Just a bit of refereeing the "debate." I say that with scare quotes because it isn't really a debate. There has never been a plausible moral case against the liberation.
1. A point of logic. The carping by the American left continues unabated. It is stupendous in its nonsense. Let's consider the claim, "Iraq had nothing to do with terrorism."
It makes no sense to say that Iraq had nothing to do with terrorism. It begs the question so blatantly that it should take your breath away when anyone whose job it is to consider these issues says this. Bush gave an argument that it does have something to do with terrorism. You can't just deny his claim without refuting his argument.
But you can't refute the argument: With an oppressed Middle East, the terrorists can win. But with a free Middle East living under rule of decent laws, they can't win. Iraq was by far and away the best place to start the liberation, for geographical, strategic and historical reasons.
2. A Moral Constraint on the "Debate." There has never been a plausible moral argument against the liberation. This is for obvious reasons. It is impossible to refute the claim that it is permissible to liberate 25 million people from a mass-murdering tyrant whose heirs were psychopathic sadists. You'd have to show that the invasion would kill as many or more than the tyrannical regime would kill given another 30 years' reign.
It is impossible to refute the claim that a mass-murdering tyrant with a WMD program, who has liassons with terrorists and shares with them the same enmity towards us, and who therefore could help those terrorists put WMD in an American city, should not be violently deposed by us.
3. Miscellany.There have been plausible arguments from prudence that liberating Iraq was too much against American self-interest to count as prudent. But I don't think those arguments succeeded, and anyway they are beside the point. Those arguments are for military strategists to evaluate; I'm not qualified. They are not philosophical or moral topics.

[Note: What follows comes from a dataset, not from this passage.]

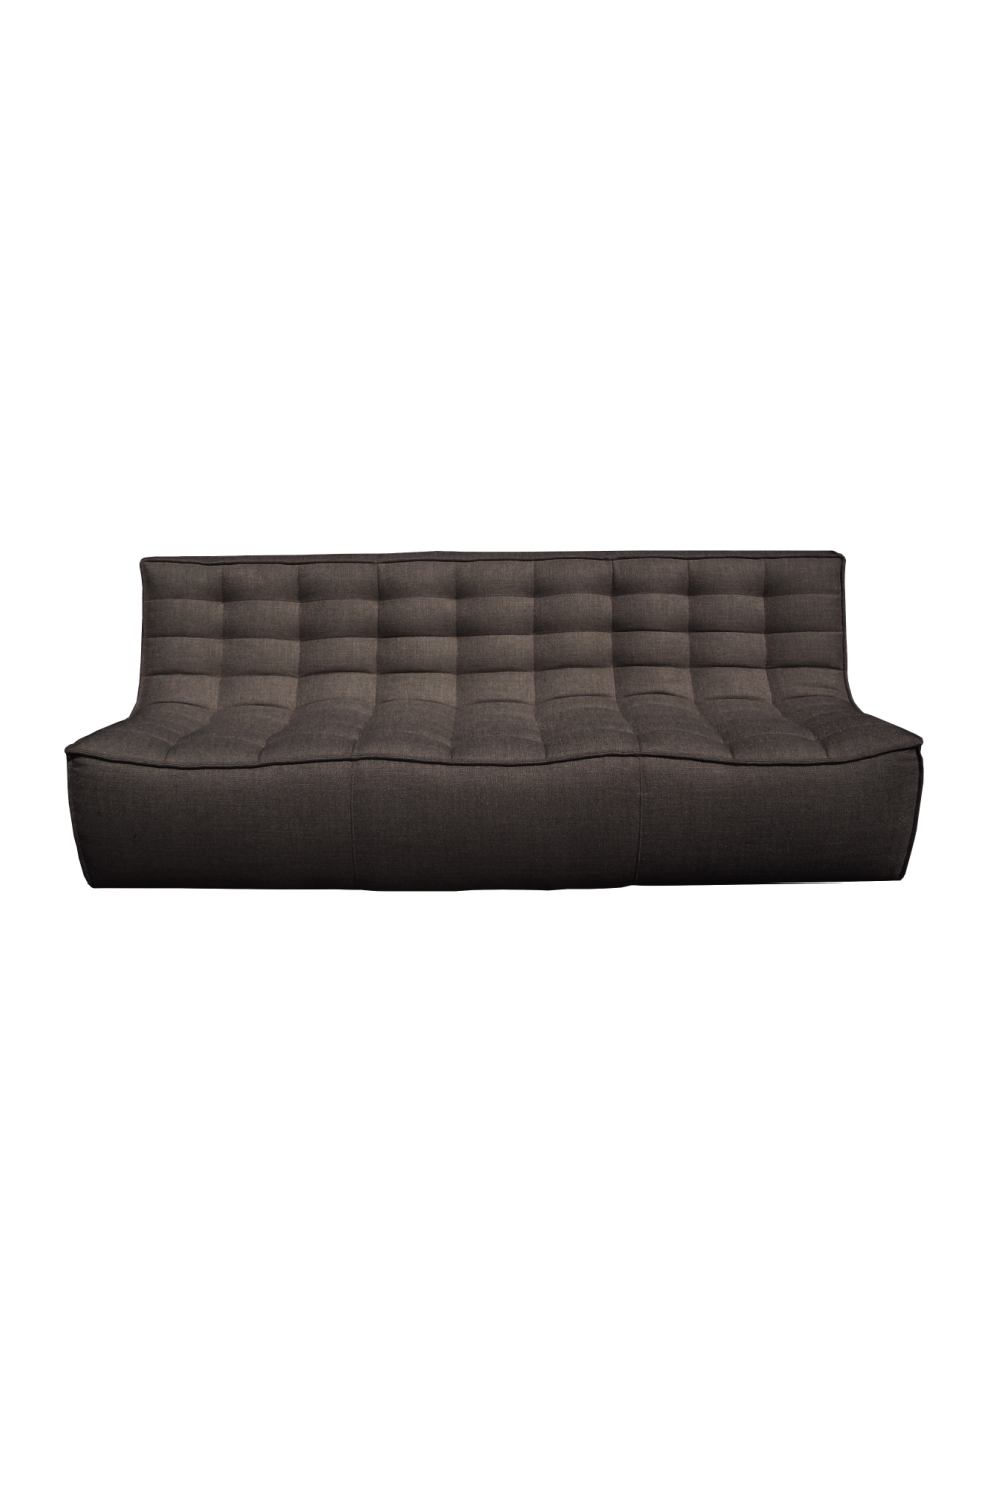 Dark Gray Modular Sofa | Ethnicraft N701 | Oroa.com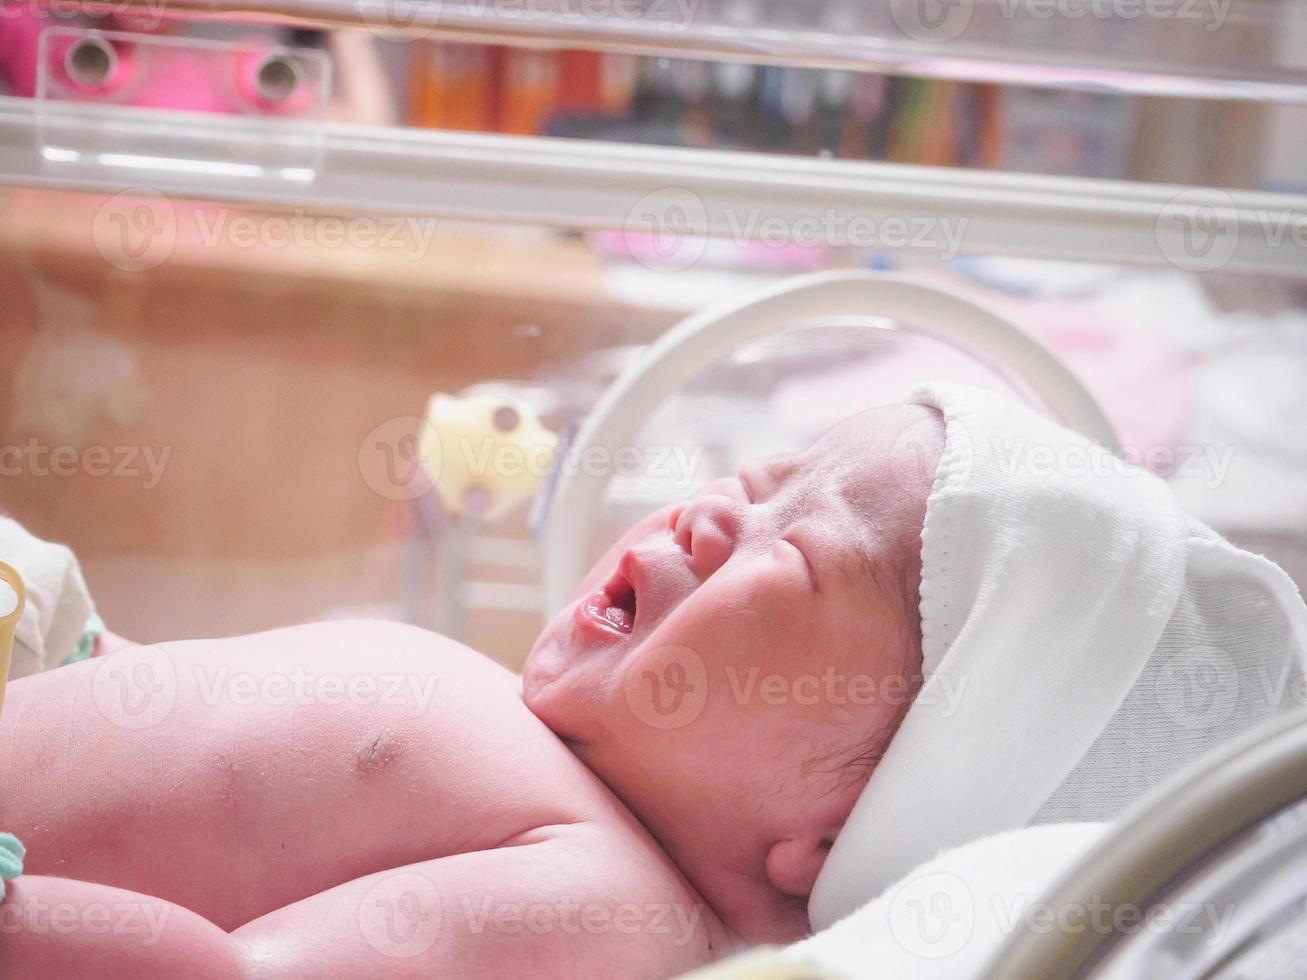 bébé nouveau-né à l'intérieur de l'incubateur dans la salle d'accouchement post-hôpital photo

By the way, I was once scolded by a anonymous journal referee for using the term "self-interest." He considered it obfuscating jargon, preferring I say "interest." But that's not right. I have self-interests and non-instrumental interests in others' welfare. Both are interests. An argument from prudence against an action that will help others attempts to show that the sacrifice to the agent is too great. It attempts to show that, though morally permissible (and supererogatory, or "above and beyond the call of duty") the action is too great a sacrifice to be considered rational.